Pour Arnaud Berthoud, au contraire, si l’analyse économique de Marx permettait effectivement de « comprendre comment et selon quelles contradictions le capital s’accumule et le capitalisme s’étend », elle ne permettait pas pour autant d’en déduire mécaniquement, et encore moins de façon univoque, la nature précise d’un programme socialiste ni, par conséquent, celle du “bloc historique” – lui-même nécessairement pluriel – sur lequel il devait prendre appui (c’était déjà, en somme, la position de Bakounine qui, tout en reprenant à son compte l’ensemble des thèses du Capital – il avait même déjà commencé à le traduire en russe – s’opposait néanmoins à Marx sur sa vision autoritaire et centralisée de la société socialiste et sur ce qu’il appelait son « gouvernement des savants »).

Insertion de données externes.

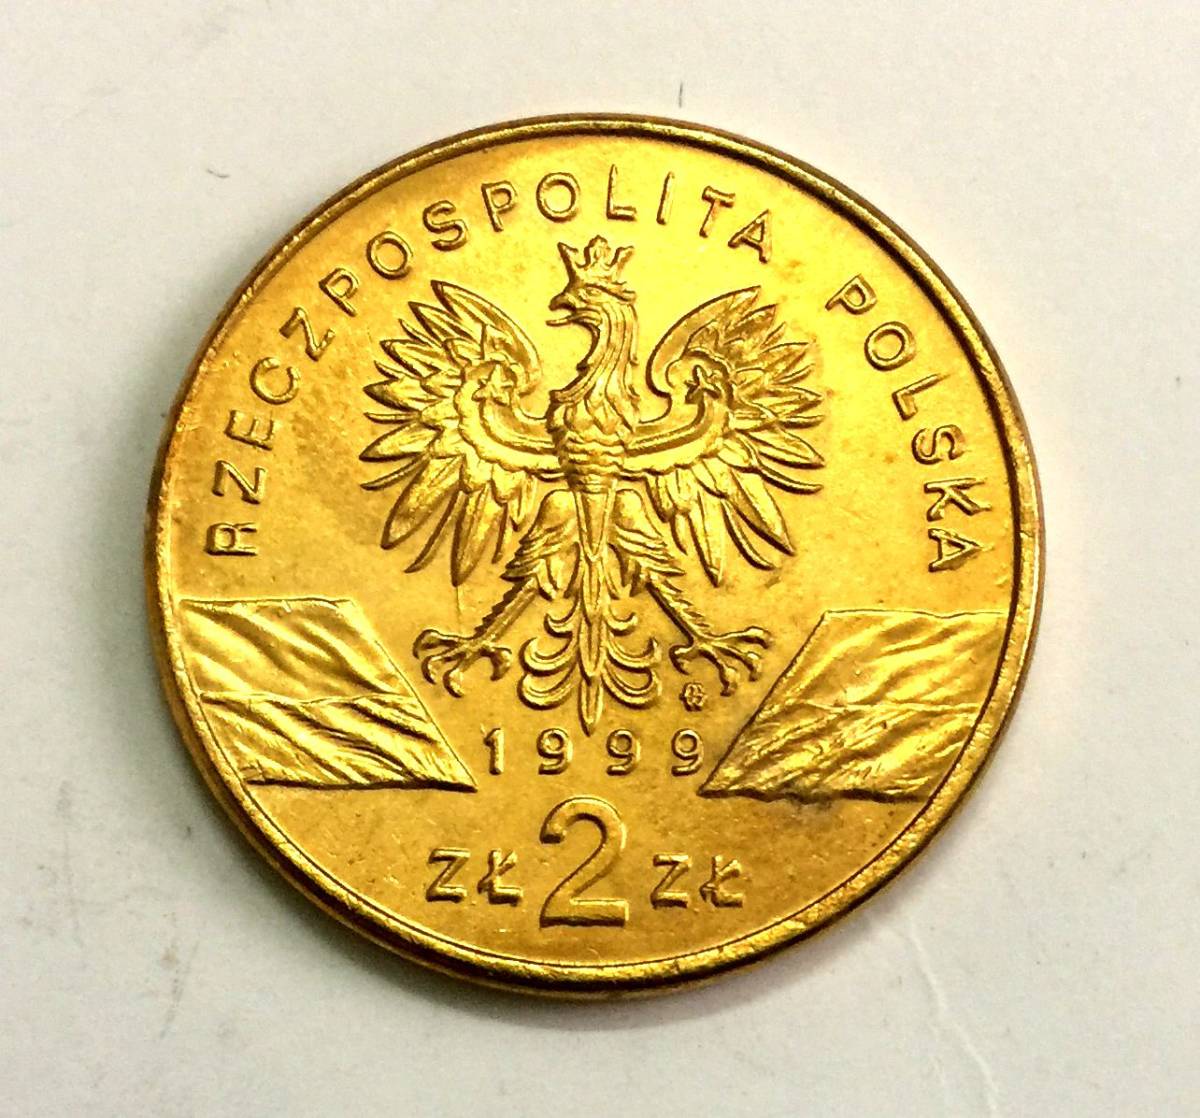  原文:ポーランド 金貨 1999 2大型金貨 激稀少!!! 直径27mm 重さ8.9g

En d’autres termes, il existait bel et bien, pour Arnaud Berthoud, une distance philosophique irréductible entre les analyses économiques de Marx sur la loi de la valeur, la nature du travail productif, la baisse tendancielle du taux de profit ou la dynamique de l’accumulation du capital (analyses qui restent, aujourd’hui encore, le point de départ obligé de toute compréhension critique du capitalisme) et les conclusions politiques concrètes qu’il était possible d’en tirer par ailleurs (c’est un problème que j’ai d’ailleurs longuement traité dans Notre ennemi le capital). C’est pourquoi – concluait-il – la politique « ne vient ni après ni même avant, elle est plutôt ailleurs« (ce qui conduisait, bien sûr, Bettelheim à lui reprocher de vouloir ainsi « séparer analyse politique et analyse économique »).Narodniki contre Bolcheviks
Or, toutes choses étant égales, c’est bien le même type de débat qui avait opposé, à la fin du XIXe siècle, Lénine et les principaux représentants de ce populisme russe encore largement hégémonique dans le mouvement socialiste de l’époque et dont il faut toujours partir si l’on veut vraiment comprendre le sens exact du mot “populisme”. On pourra s’en convaincre en se reportant par exemple à sa célèbre brochure, publiée en 1894, sur Ce que sont les amis du peuple et comment ils luttent contre la social-démocratie. Tout au long de ce texte incroyablement polémique, Lénine s’irritait, en effet, de la référence continuelle des Narodniki (et notamment de Nikolaï Mikhaïlovski – qui avait été, avec Pierre Lavrov et Vera Zassoulitch, l’un des principaux correspondants populistes de Marx pour la Russie) au Capital de Marx, dont il se considérait déjà comme le seul interprète autorisé. Cette approbation explicite par les « amis du peuple » de la critique économique de Marx (et donc du « caractère central de la contradiction entre travail et capital ») ne pouvait trouver sa source, à ses yeux, que dans toute une série de contresens et d’erreurs (ce qui, avec la mauvaise foi habituelle de Lénine, devenait très vite une série de « falsifications éhontées » dictées par leurs positions “objectivement” réactionnaires). « Ils font la révérence à Marx – écrivait-il ainsi –, le couvrent d’éloges, mais ils laissent échapper en même temps le contenu essentiel de sa doctrine. »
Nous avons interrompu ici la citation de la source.